In silico validation tool¶
Aim¶
This module aims at predicting in silico if specific taxa are:
amplified by a set of PCR primers used for amplicon-based metagenomics
accurately classified taxonomically based on the generated amplicon
Working principle¶
Based on a user-defined list of NCBI tax IDs, assemblies or taxon queries, genome assemblies are downloaded from the NCBI database with Assembly Finder. Then, PCR primer sequences provided by the user are used to run an in silico PCR with in_silico_pcr (or alternatively, with simulate_PCR).
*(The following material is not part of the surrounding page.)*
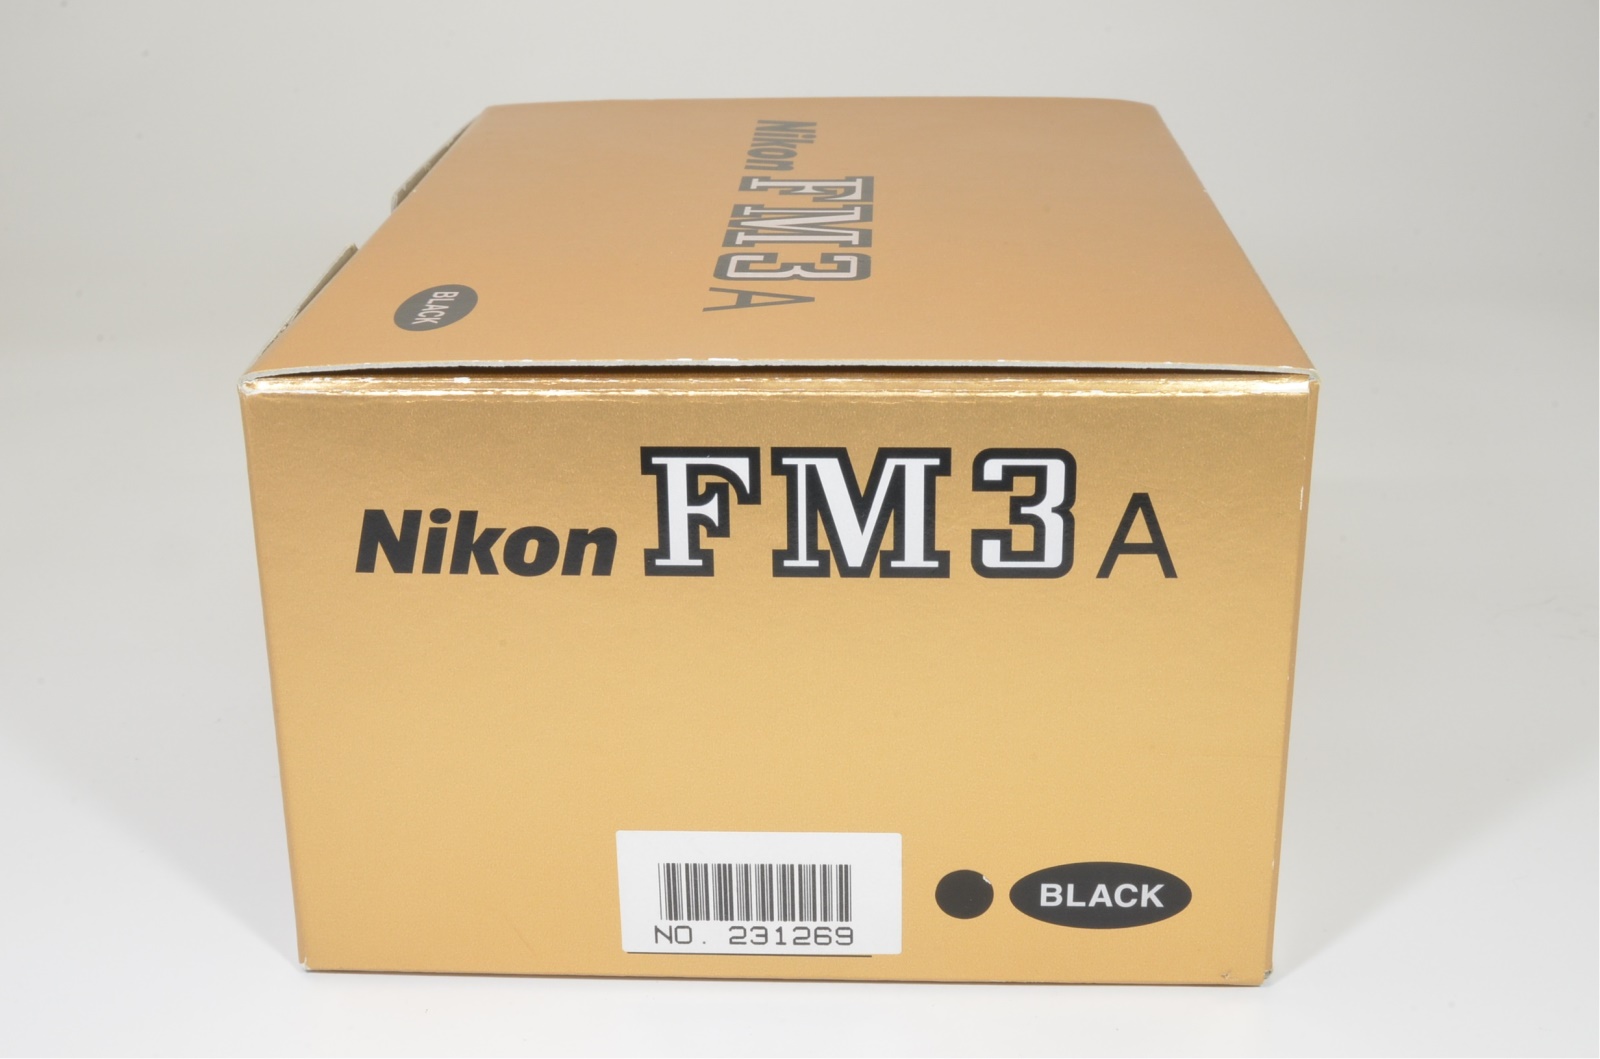 nikon fm3a 35mm film camera black with e3 focusing screen shooting tested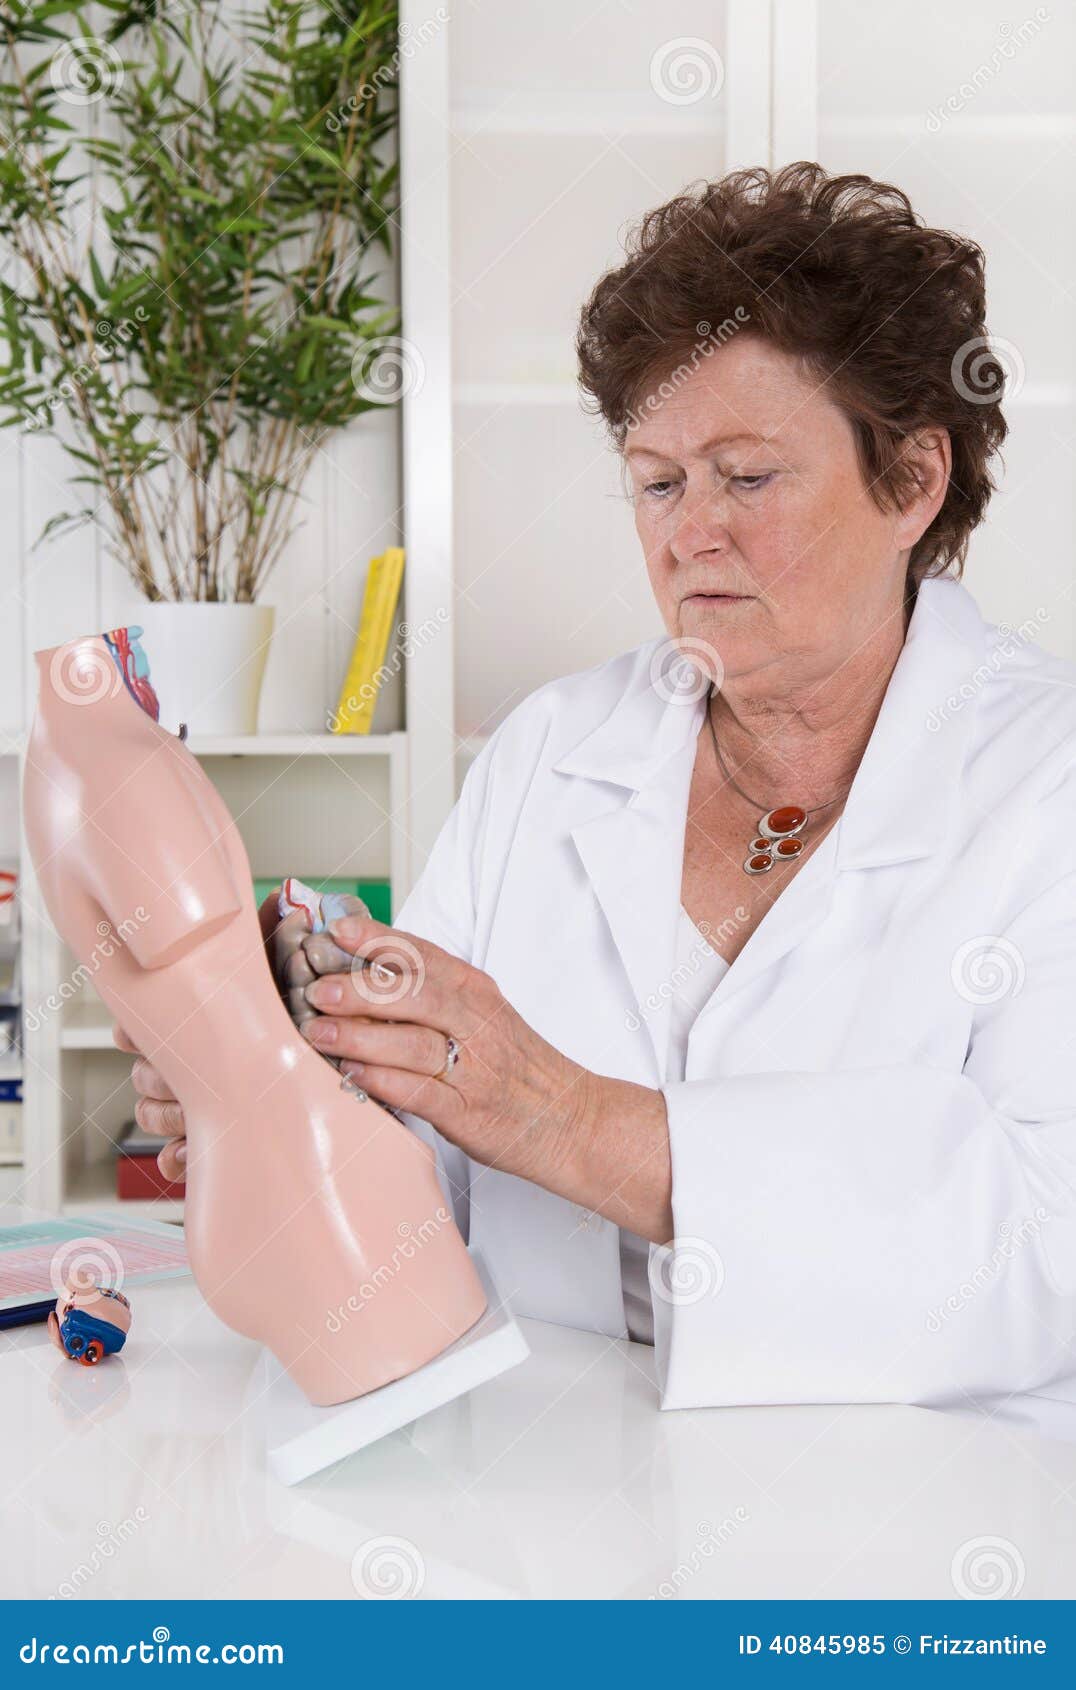 senior female doctor demonstrate and explain the human body.

The generated in silico amplicons are treated by the main pipeline as they would if they were the results of sequencing reads (primer trimming, amplicon clustering into representative sequences, taxonomic classification).
Finally, for each of the downloaded assembly, this module provides a table with a description of the amplicons predicted to be amplified with the PCR primers (number of sequence variants, number of copies) as well as the expected and obtained taxonomic assignment.
Inputs¶
To execute the pipeline, one needs:
An input file containing the accession names or the Tax IDs of interest. This is a one-column text file without headers. The identifiers should match NCBI taxonomy. One can skip this text file and use a query term instead, see usage cases below.
A taxonomic database preprocessed with our dedicated pipeline
Input file example:
With accession names:
GCA_000008005.1
GCA_000010425.1
GCA_000016965.1
GCA_020546685.1
GCA_000172575.2
GCA_000005845.2
GCA_000014425.1
GCA_003324715.1
GCA_000007645.1
GCA_000007465.2
GCA_013372085.1
GCA_031191545.1
GCA_000012825.1
GCA_000307795.1
GCA_000008805.1
GCA_000010505.1
GCA_000231215.1
GCA_000017205.1
GCA_000013425.1
GCA_000007265.1
With NCBI tax IDs:
1069201
182096
41058
1220207
1287682
746128
5059
5062
Execution¶
The module is executed with zamp insilico. You can see all required and optional arguments with:
zamp insilico -h
Example usage cases:
Using bacteria assembly accession names (note the –accession argument when using accession names instead of tax IDs):
zamp insilico -i zamp/data/bacteria-accs.txt -db greengenes2 --accession --fw-primer CCTACGGGNGGCWGCAG --rv-primer GACTACHVGGGTATCTAATCC
Using fungi tax IDs (requires additional ITS amplicon-specific parameters to adjust the amplicon size)
zamp insilico -i zamp/data/fungi-taxa.txt \ -db unite_db_v10 \ --fw-primer CYHRGYYATTTAGAGGWMSTAA --rv-primer RCKDYSTTCWTCRWYGHTGB \ --minlen 50 --maxlen 900
Using a query term. In this example, 100 assemblies will be downloaded per taxon (
nb 100) including non-reference assemblies (not-only-ref):zamp insilico -i "lactobacillus" \ -db ezbiocloud \ --fw-primer CCTACGGGNGGCWGCAG --rv-primer GACTACHVGGGTATCTAATCC \ --replace-empty -nb 100 --not-only-ref
Output¶
The pipeline gathers information on available assemblies for the requested taxIDs in the assembly_finder folder.
The output of the in-silico amplification is in Insilico folder, and contains the following subfolders:
PCR: contains the output of in-silico PCR amplification
2_denoised: output of clustering and denoising into representative sequences, and count tables
3_classified: output of taxonomic classification and tables comparing expected and obtained taxonomic assignations (InSilico_compare_tax.tsv and InSilico_compare_tax_long.tsv.)